Quand la démission vacille
Il arrive que la démission d’un salarié ne soit pas tout à fait ce qu’elle prétend être. Lorsqu’elle est donnée dans un contexte où l’employeur a été alerté d’une surcharge de travail devenue intenable, la volonté de démissionner du salarié peut perdre son caractère clair et non équivoque au point que la démission puisse être requalifiée en … licenciement sans cause réelle et sérieuse.
C’est précisément ce que décide la Cour de cassation dans son arrêt du 13 novembre 2025 (n° 23-23535).

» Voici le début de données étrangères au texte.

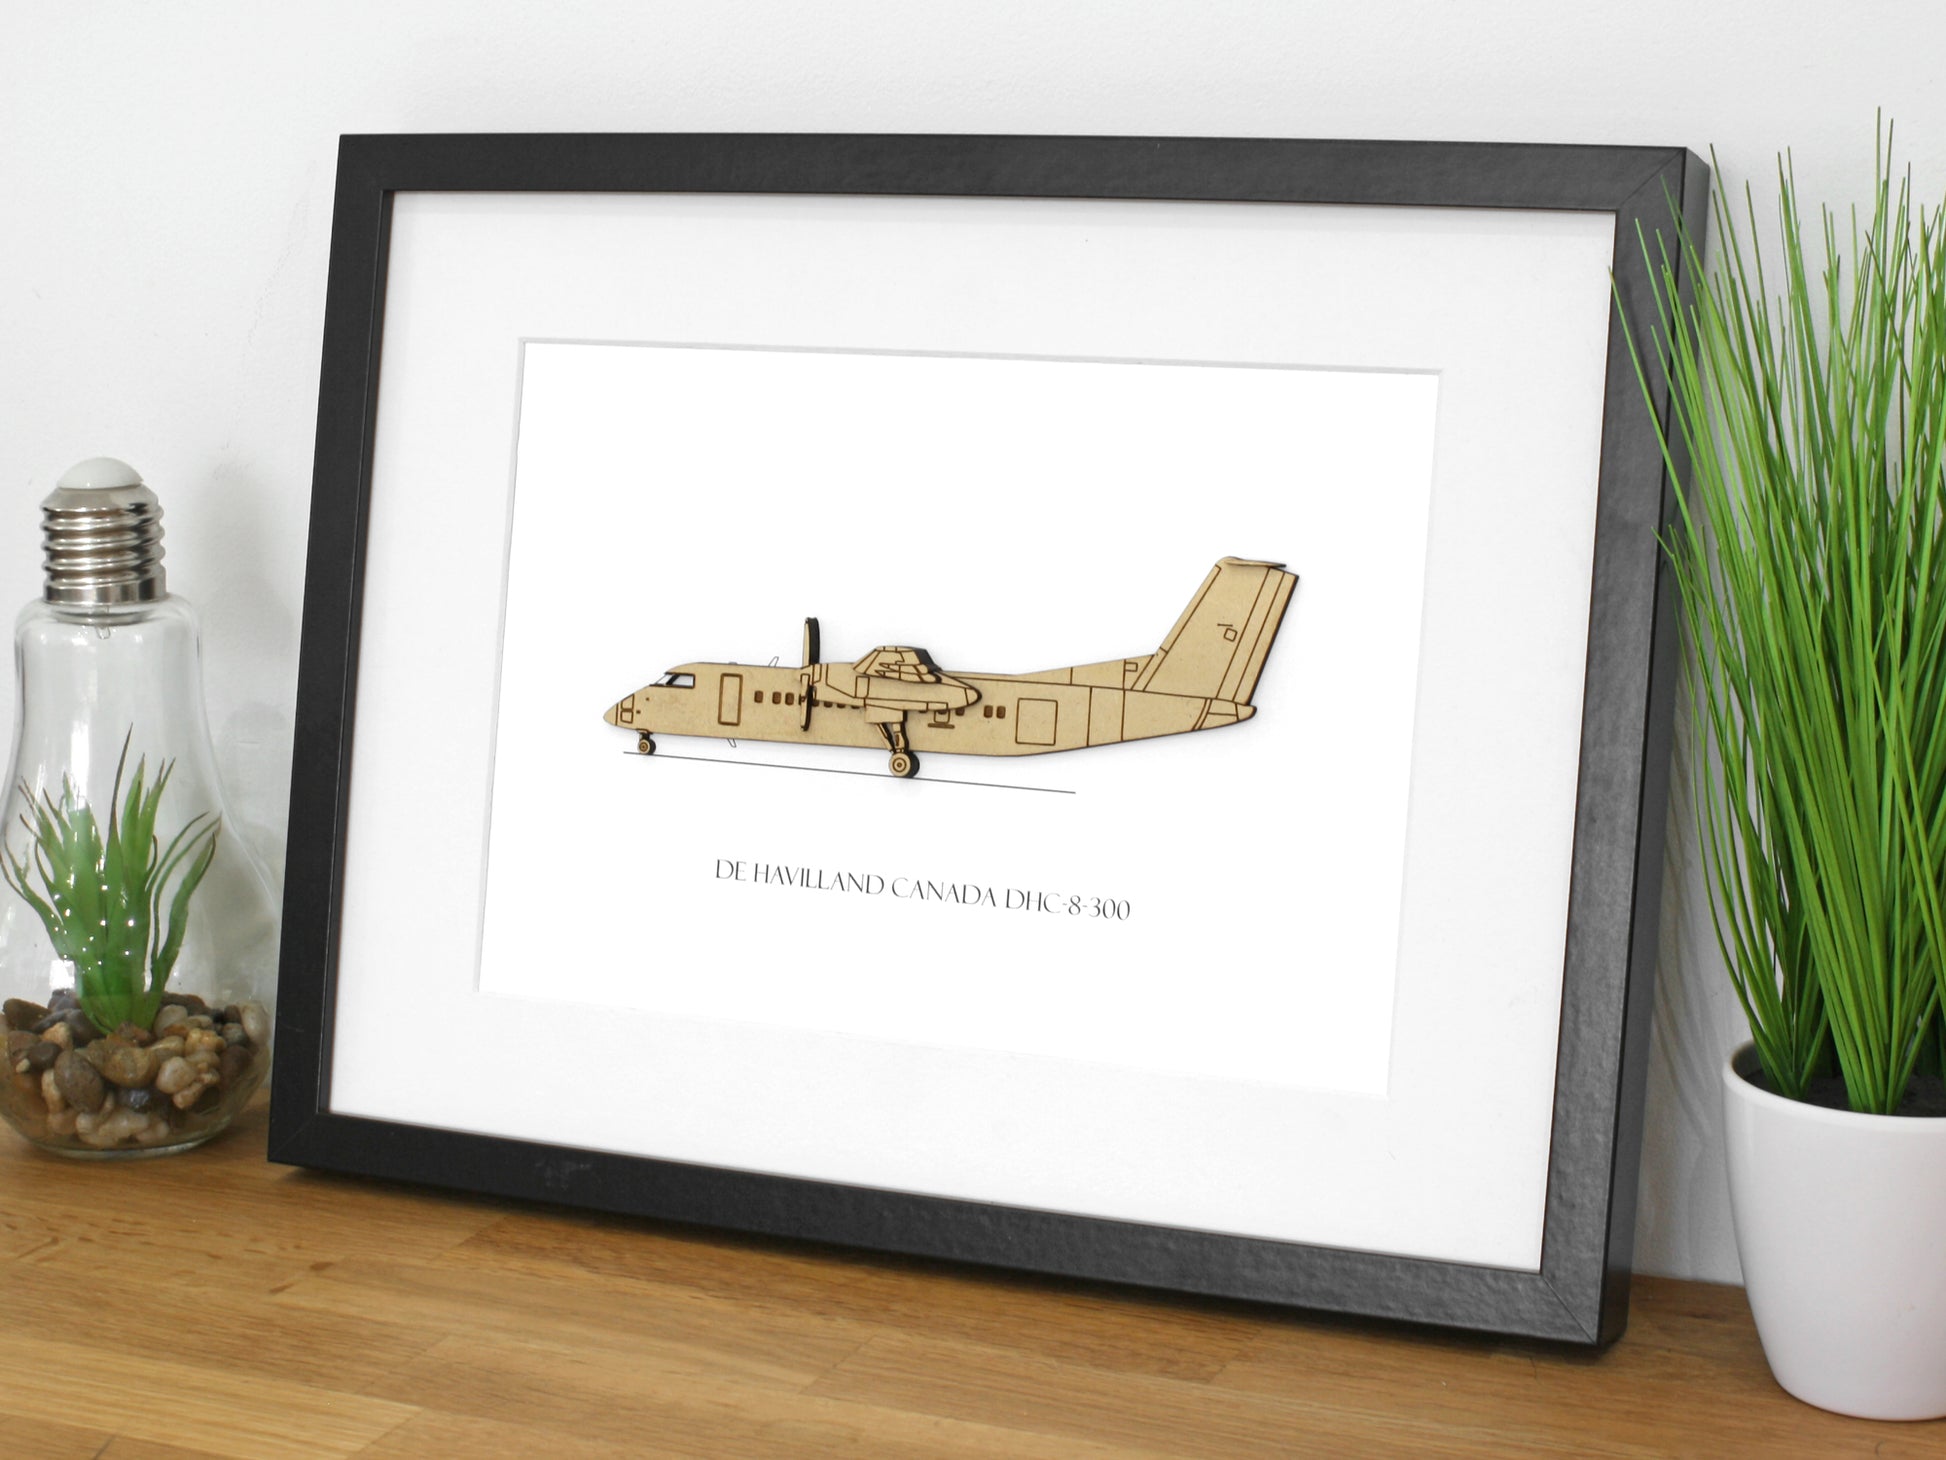 DHC-8-300 pilot gifts

Un administrateur réseau, recruté depuis près de vingt ans, finit par jeter l’éponge en avril 2021. Il remet sa démission, puis saisit le conseil de prud’hommes pour en obtenir la requalification en licenciement sans cause réelle et sérieuse. Il explique que son départ n’était pas un choix mais la conséquence directe d’une charge de travail excessive, connue de l’employeur depuis longtemps.
L’employeur, de son côté, soutient que la démission était parfaitement libre, réfléchie et sans ambiguïté. La surcharge de travail invoquée ? C’est vrai qu’elle existait, reconnaît-on, mais depuis des années : rien qui, selon lui, puisse être regardé comme une circonstance contemporaine et déterminante du départ.
La cour d’appel donne raison à l’employeur : pour les juges du fond, la surcharge de travail était ancienne, non décisive au moment de la rupture, et ne rendait pas impossible la poursuite du contrat. La démission était donc claire, simple, directe — bref, une démission.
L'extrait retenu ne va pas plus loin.